Inventory #22294       SOLD — please inquire about other items

On May 18, 1860, while sitting in this armchair, Abraham Lincoln learned that he had received the Republican nomination for president of the United States. This was Lincoln’s favorite seat at the Illinois State Journal, where he frequently caught up on news and discussed local and national affairs. When the newspaper donated this rustic chair to the Lincoln Memorial Collection in 1886, the editor observed “We shall be happy if you can find some man to sit in it who is anywhere near as great as Lincoln.”[1]

Historical Background

The Journal office was a home away from home for Lincoln, much like the War Department Telegraph Office during his presidency.[2] “The journal paper was always my friend and, of course, its editors the same,” he once remarked.[3] Lincoln stopped in frequently to read the latest New York papers and talk with other visitors. The newspaper’s editor, Edward L. Baker, was an attorney and the husband of Mrs. Lincoln’s niece, Julia Edwards.[4]
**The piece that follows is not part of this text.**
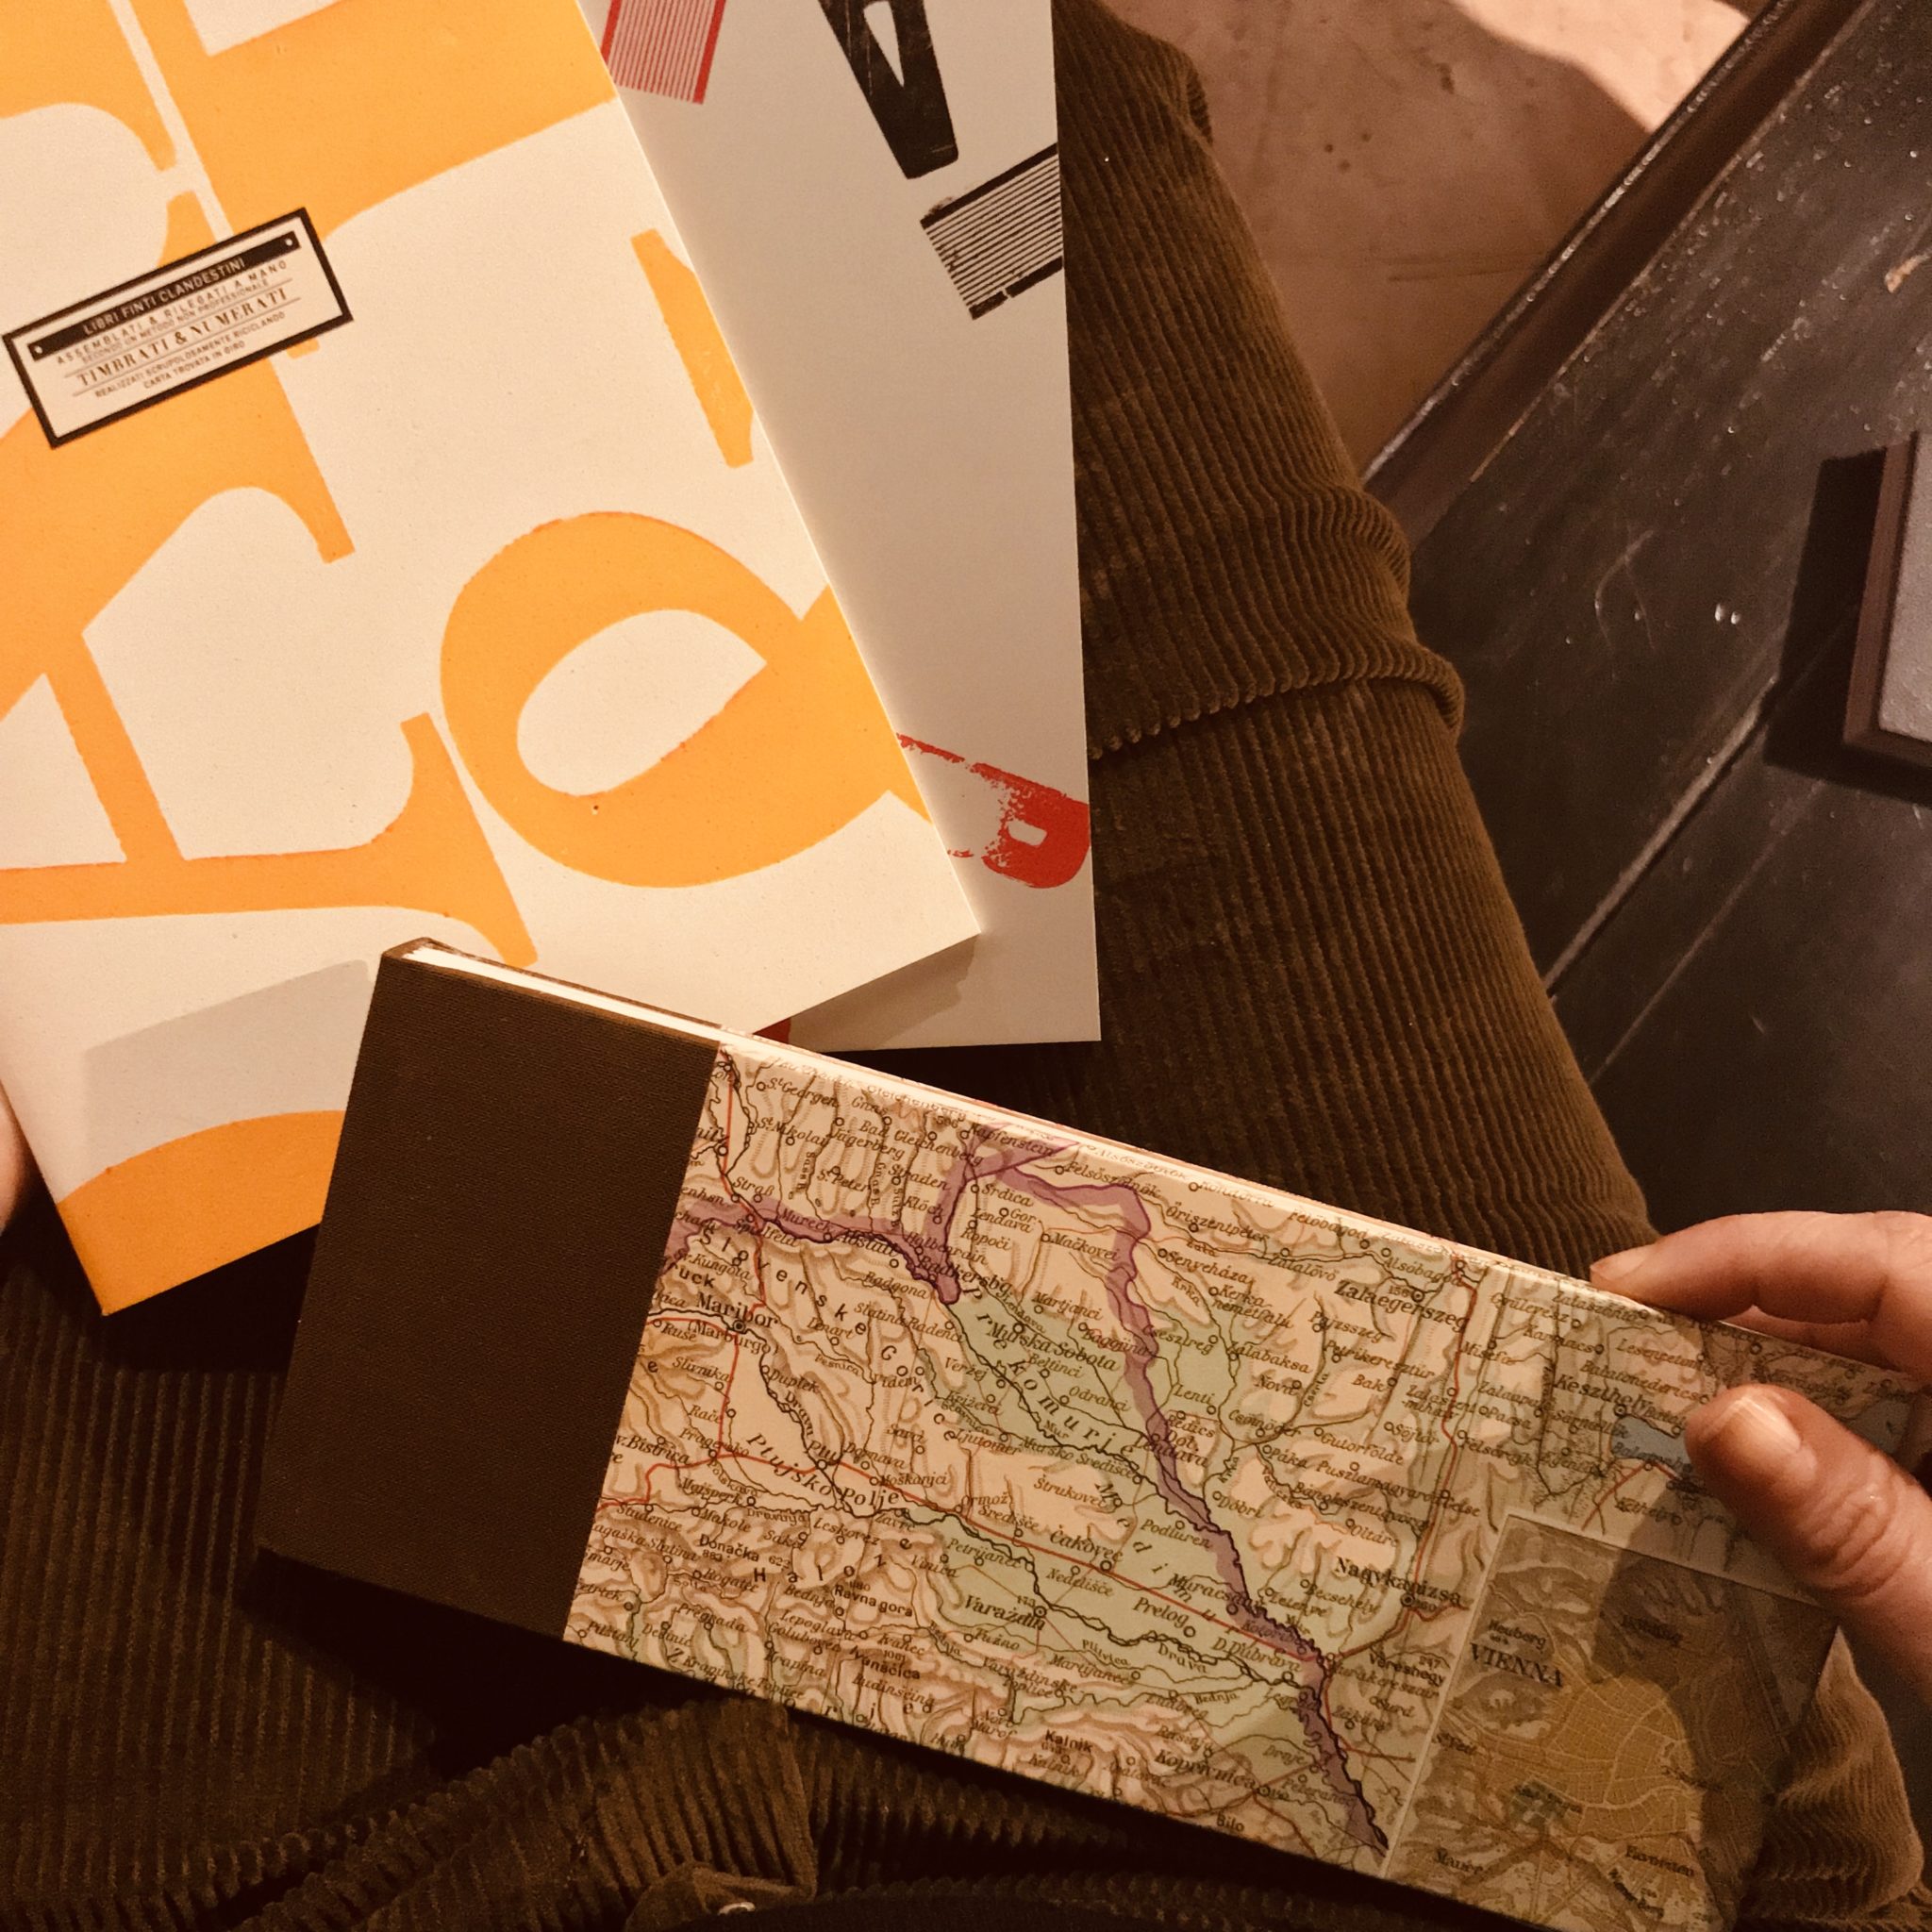 Il collettivo Libri Finti Clandestini recupera carta da riciclo, da scarti di tipografia a poster e sacchetti del pane, per farne libri d'arte

The day before the nomination, Lincoln had sent Baker to the Convention with a message written in the margins of a newspaper article about Seward’s position on slavery. “Make no contracts that will bind me,” Lincoln warned his delegates.[5] Baker delivered the message, returned to Springfield, and joined Lincoln to await the results of the balloting.

When the Convention opened, Lincoln had been low on the list of those expected to become the party’s standard-bearer. William Seward of New York was the front-runner, but had many political enemies. Other delegations had their own favorite sons. Lincoln’s campaign manager, David Davis, pulled out all stops to make political allies, and (so rumor had it) also arranged a number of dirty tricks—including printing counterfeit tickets to pack the Convention with supporters.[6] On the first ballot, 173½ votes went to William Seward, 102 to Lincoln, and 189½ to other candidates. Then, Lincoln’s strategy of holding back on the first ballot, but asking to be the top second-choice candidate for swing voters, began to work. The second ballot came in shortly after: 184½ to 181. Seward was still in the lead, but Lincoln had all but closed the gap; he needed just 52 more votes to clinch the nomination. On the final count of the third ballot, with 364 votes, Lincoln swept the nomination.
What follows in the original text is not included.